GOAL OF THE EXERCISE:
For every record that follows, write out the text exactly and omit the picture, if one is present.

------------

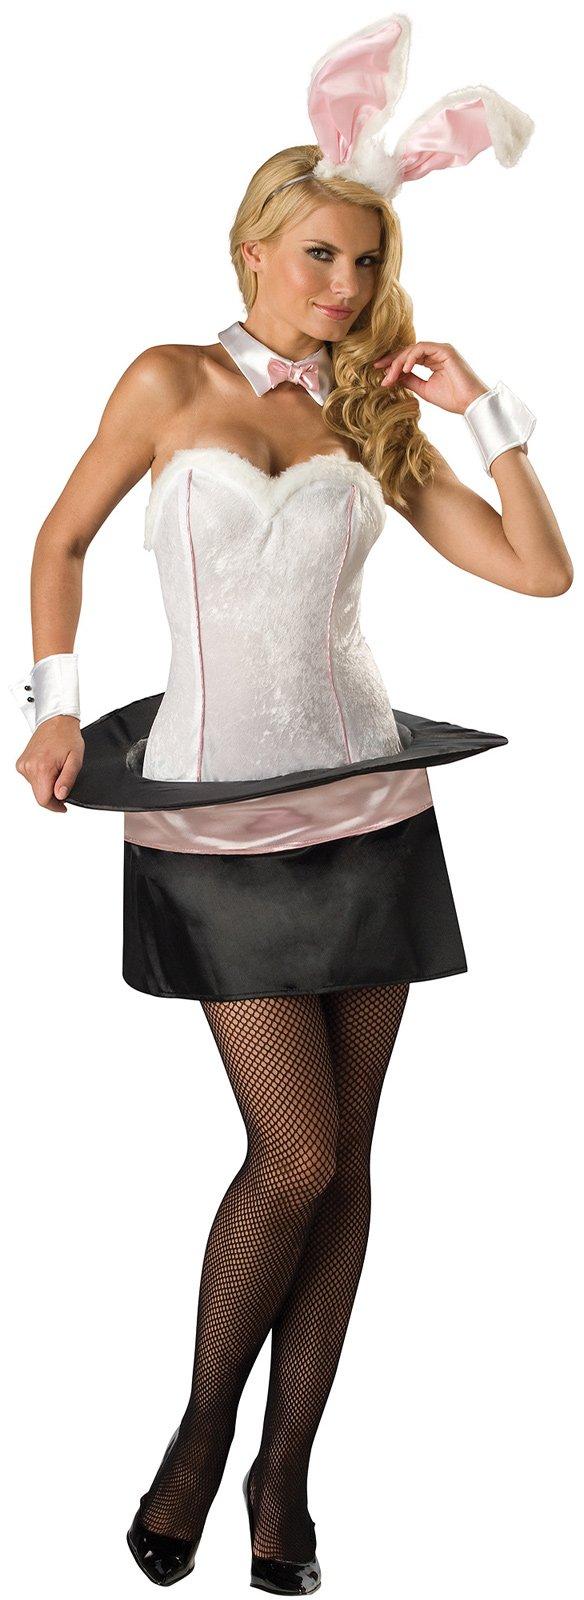 Sexy Magician Assistant - Hot Girls Wallpaper
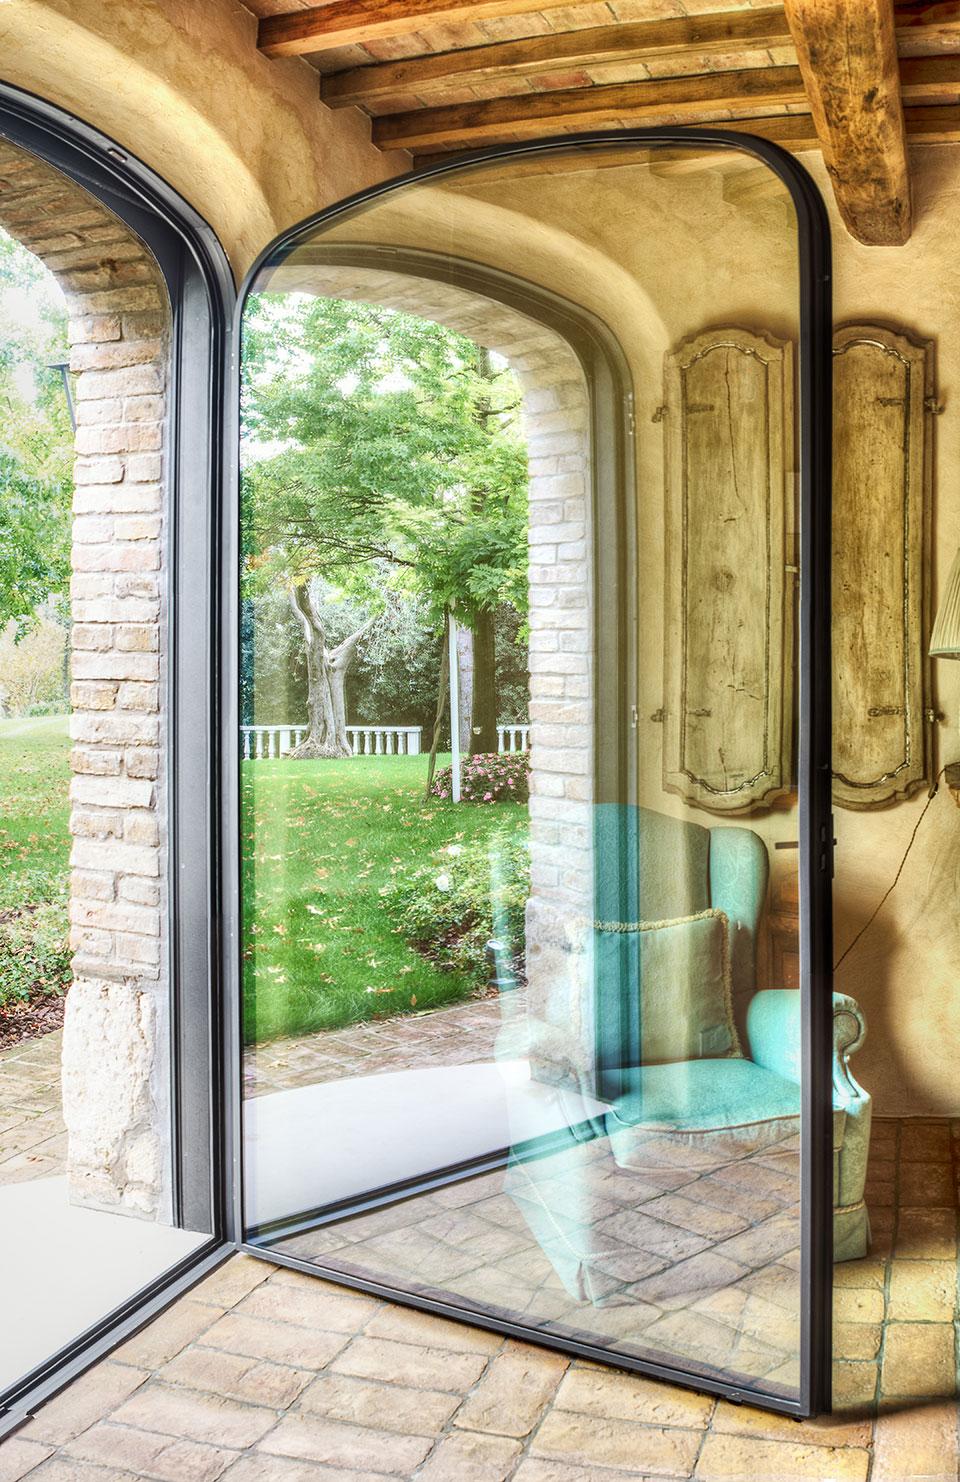 arch_arco_corten_door_finestram-window_garden_giardino_giommi_glass_minimal_personalised_personalizzato_porta_residential_residenziale_vetro_3
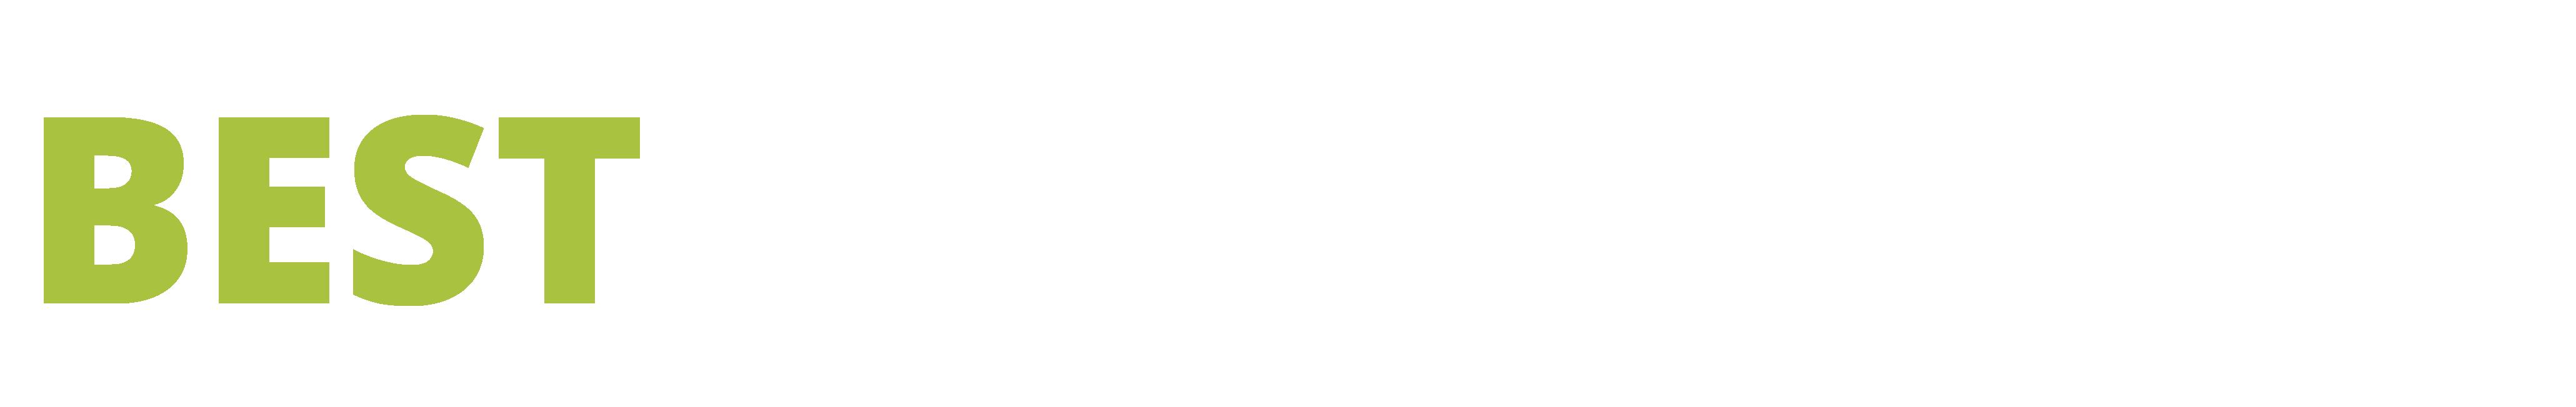 titles-bestcelebration
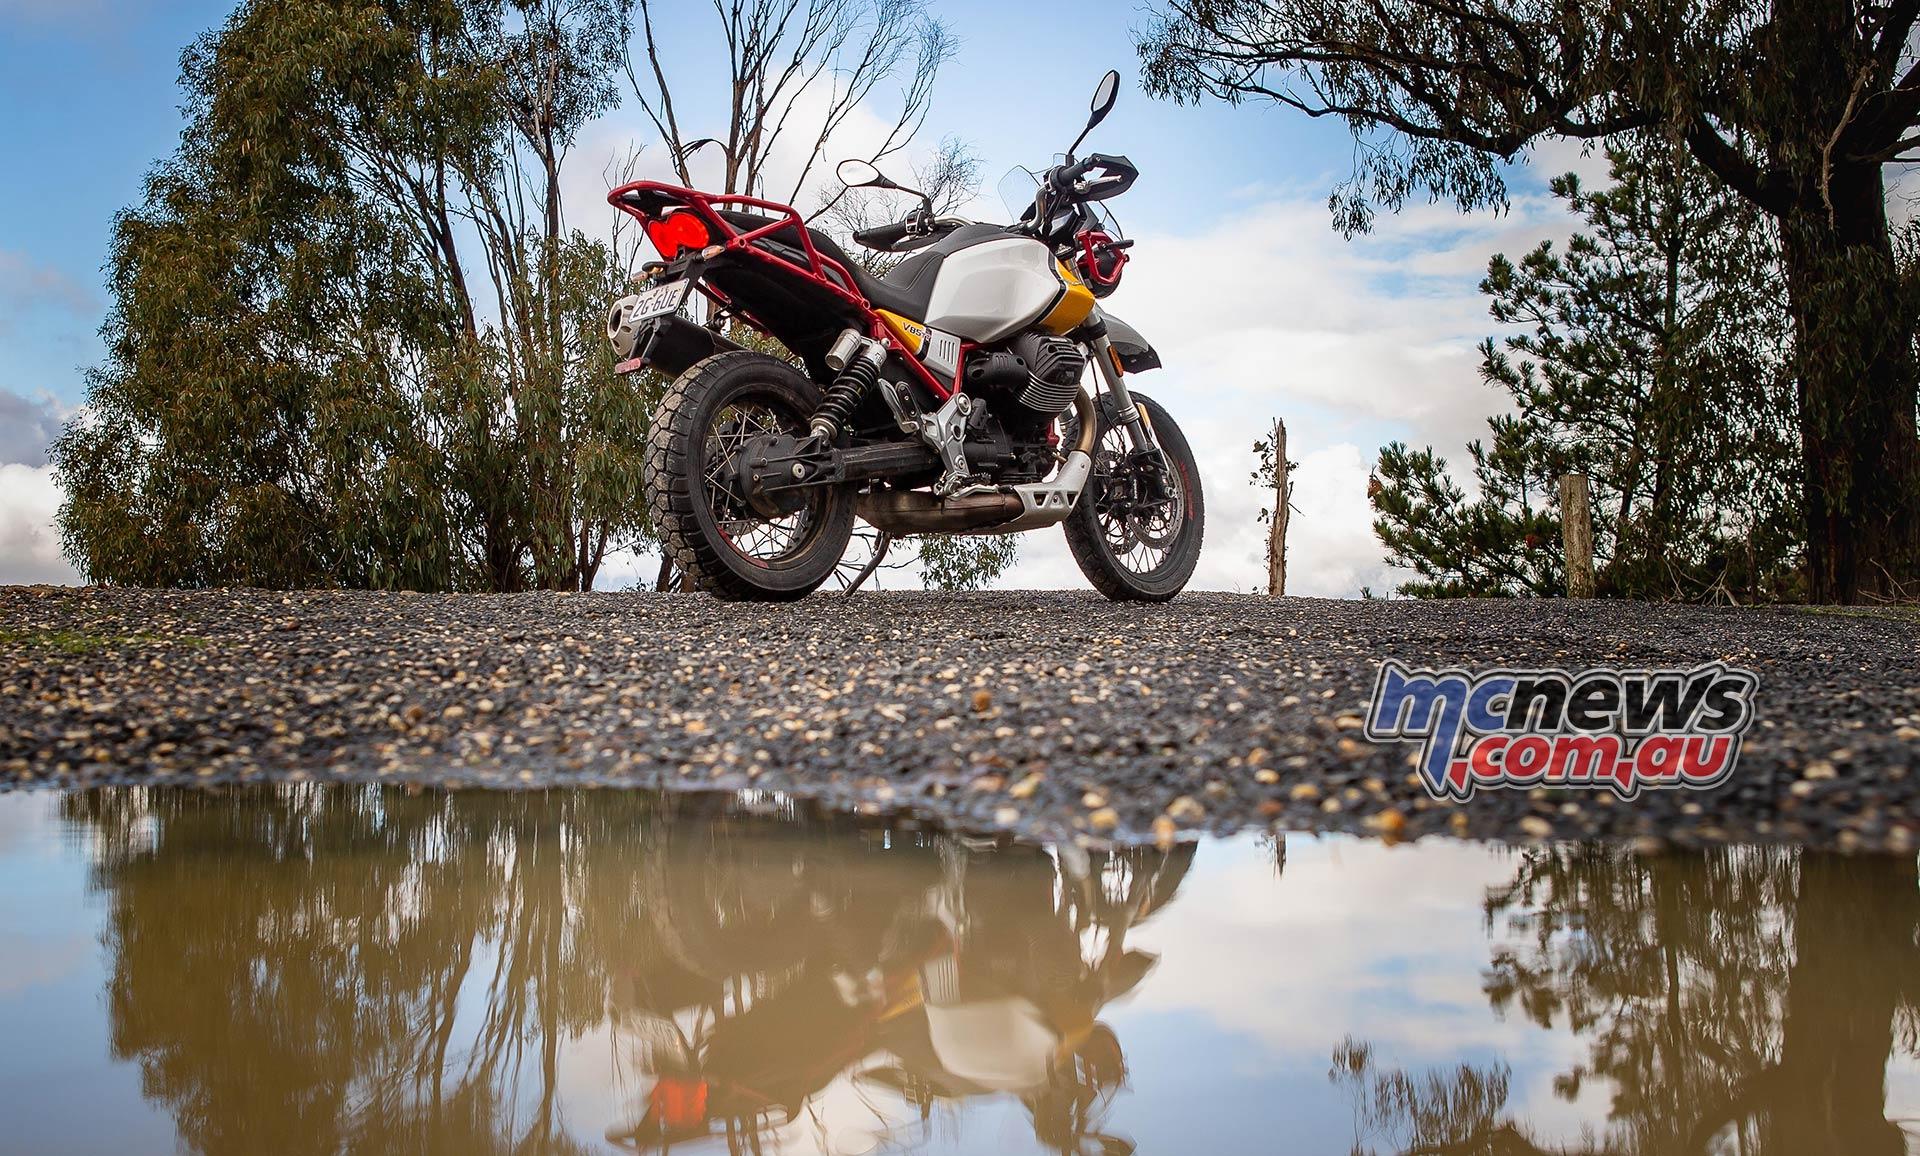 Moto Guzzi V85 TT Review | Motorcycle Tests | MCNews com au
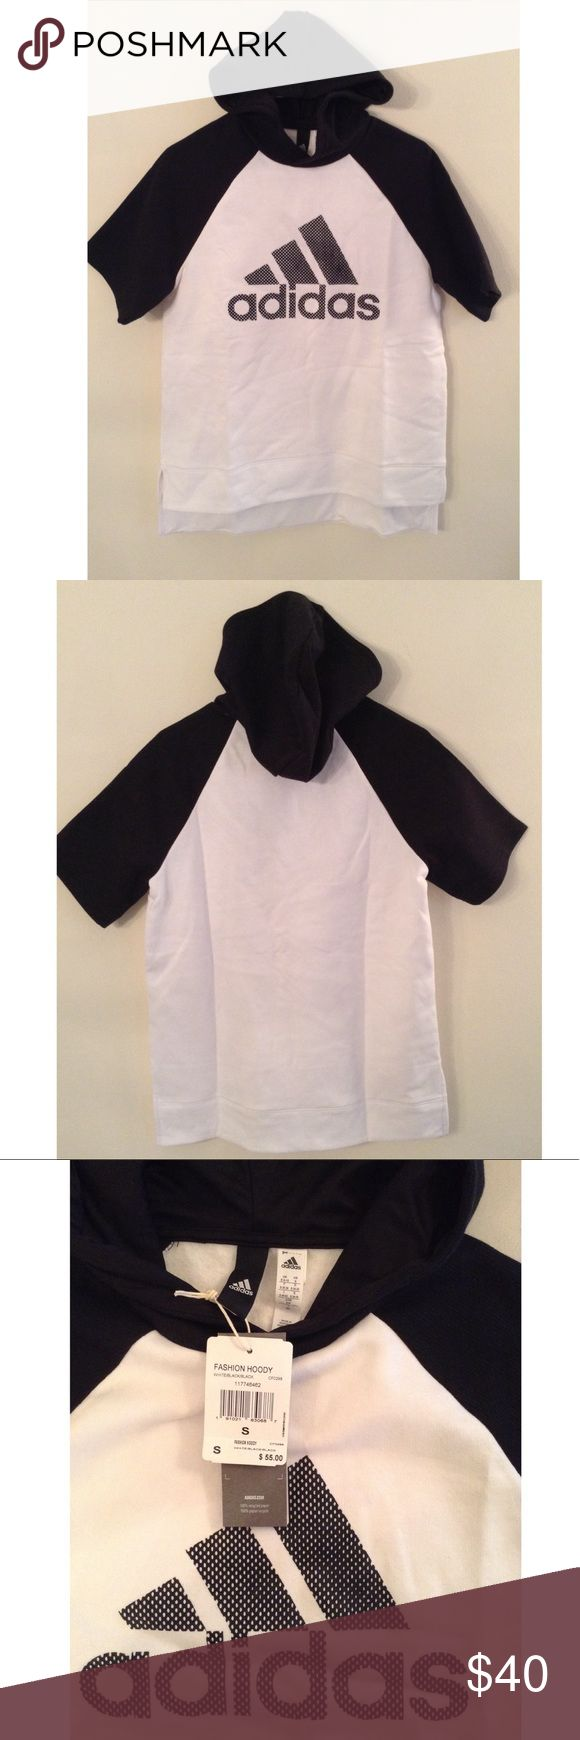 Adidas Black and White Hoody Selling a NWT women's Adidas black and white hoody in size small. adidas Tops Sweatshirts & Hoodies

------------

RESPONSE:
 Sexy Magician Assistant - Hot Girls Wallpaper
 arch_arco_corten_door_finestram-window_garden_giardino_giommi_glass_minimal_personalised_personalizzato_porta_residential_residenziale_vetro_3
 titles-bestcelebration
 Moto Guzzi V85 TT Review | Motorcycle Tests | MCNews com au
 Adidas Black and White Hoody Selling a NWT women's Adidas black and white hoody in size small. adidas Tops Sweatshirts & Hoodies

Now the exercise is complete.